## Action item
Reproduce the listing below exactly, minus its pictures.

## Provided material
-*-*-

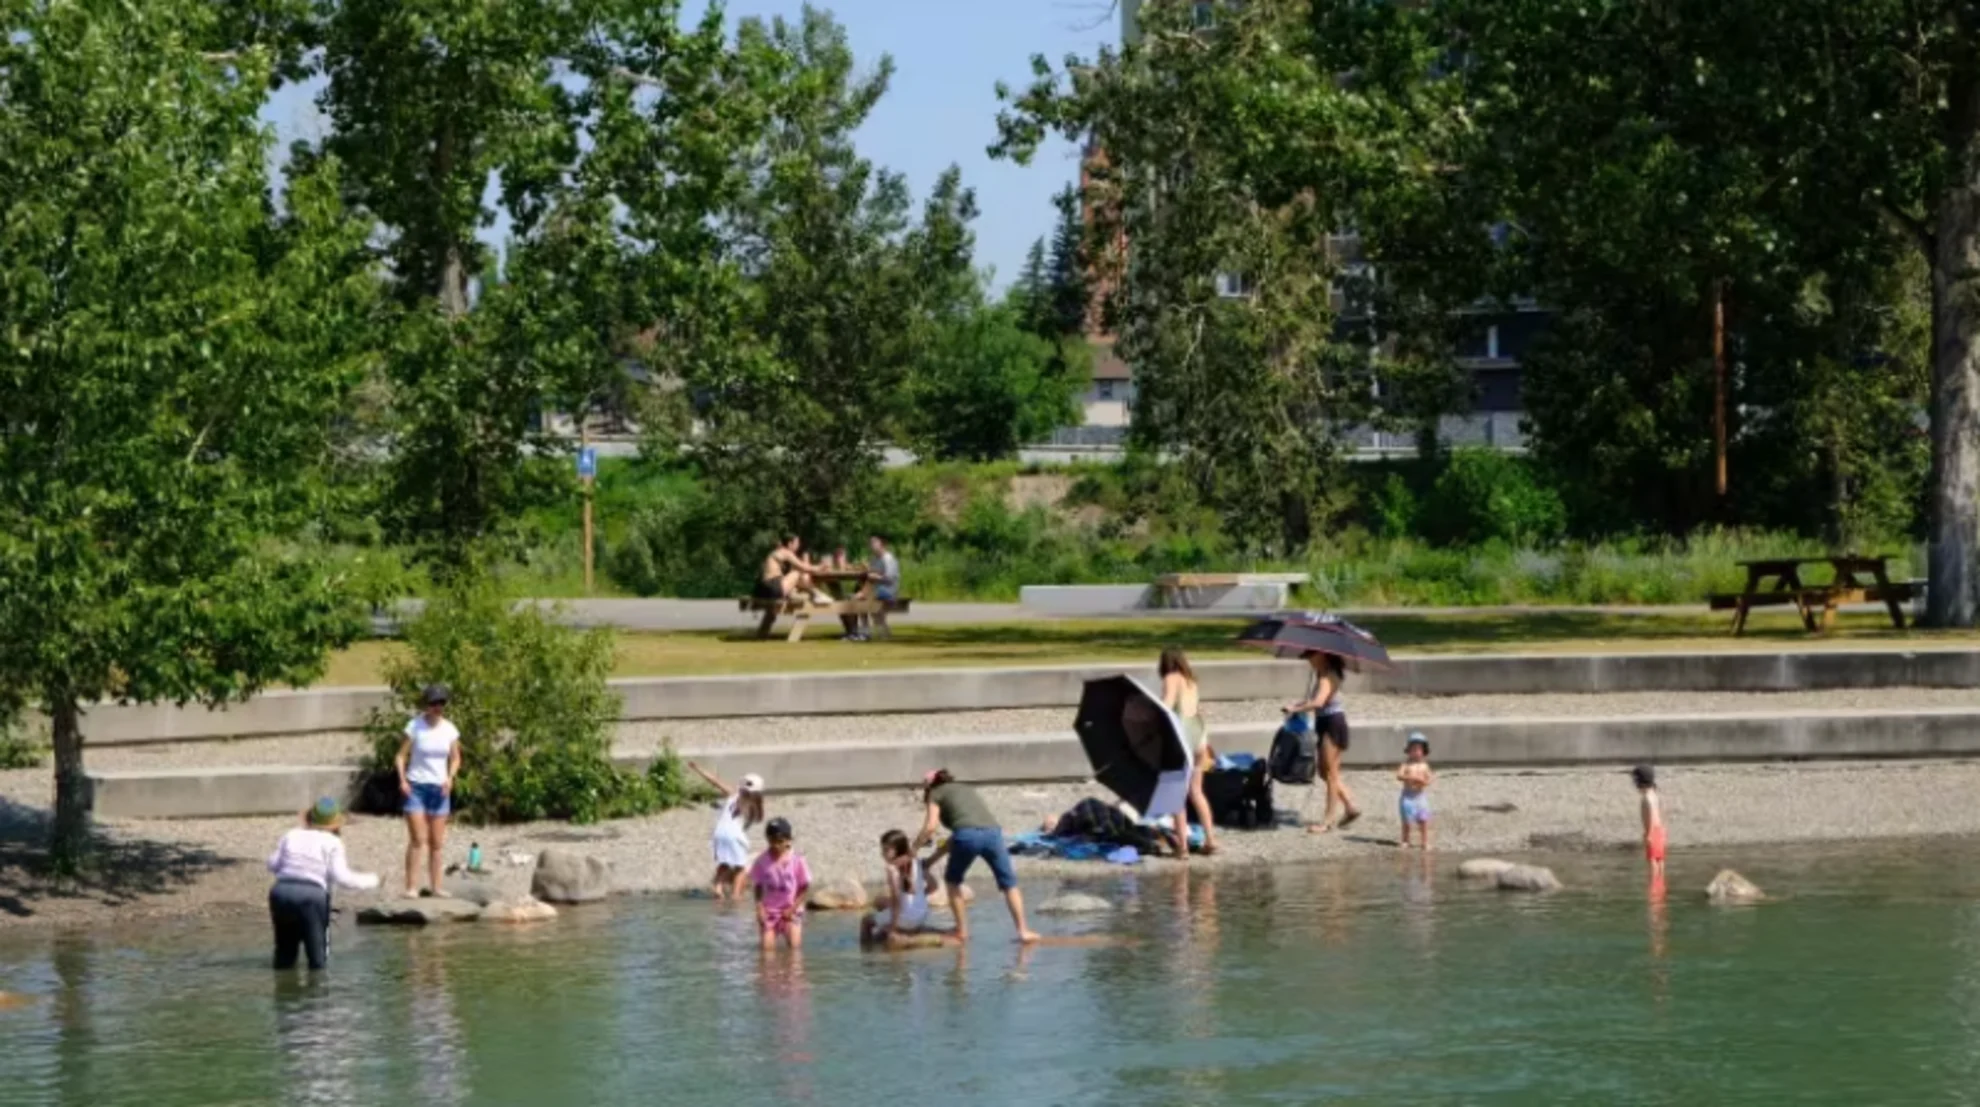 Outdoor pools in Calgary now allowed as water supply restoration work continues
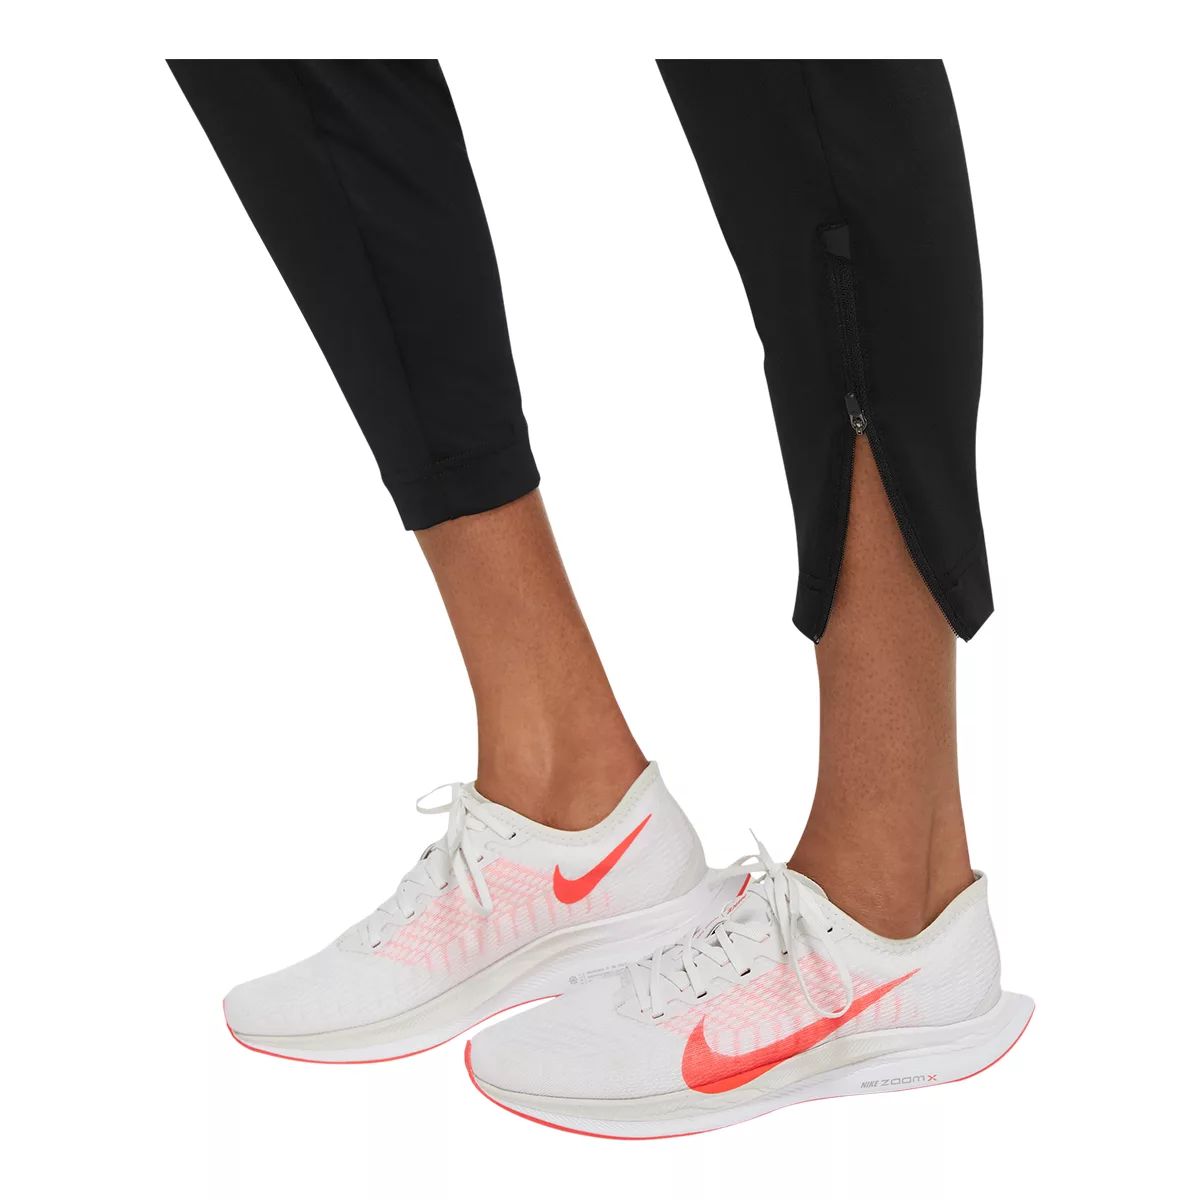 Womens Running Shoes, Trainers & Clothing
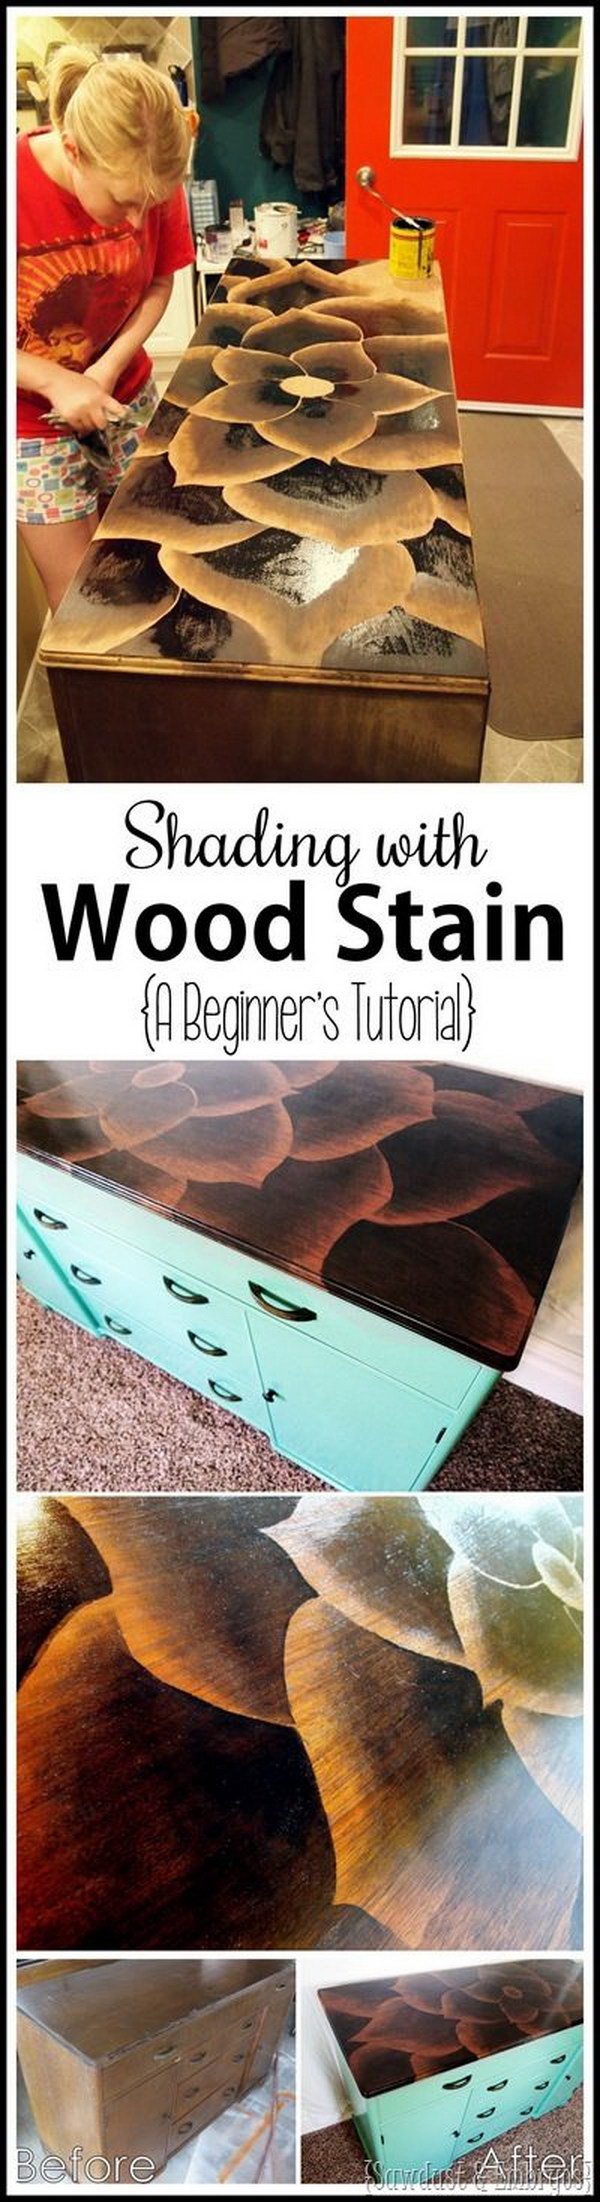 Using Stain To Make Artwork on Furniture.

-*-*-

## Written response
 Outdoor pools in Calgary now allowed as water supply restoration work continues
 Womens Running Shoes, Trainers & Clothing
 Using Stain To Make Artwork on Furniture.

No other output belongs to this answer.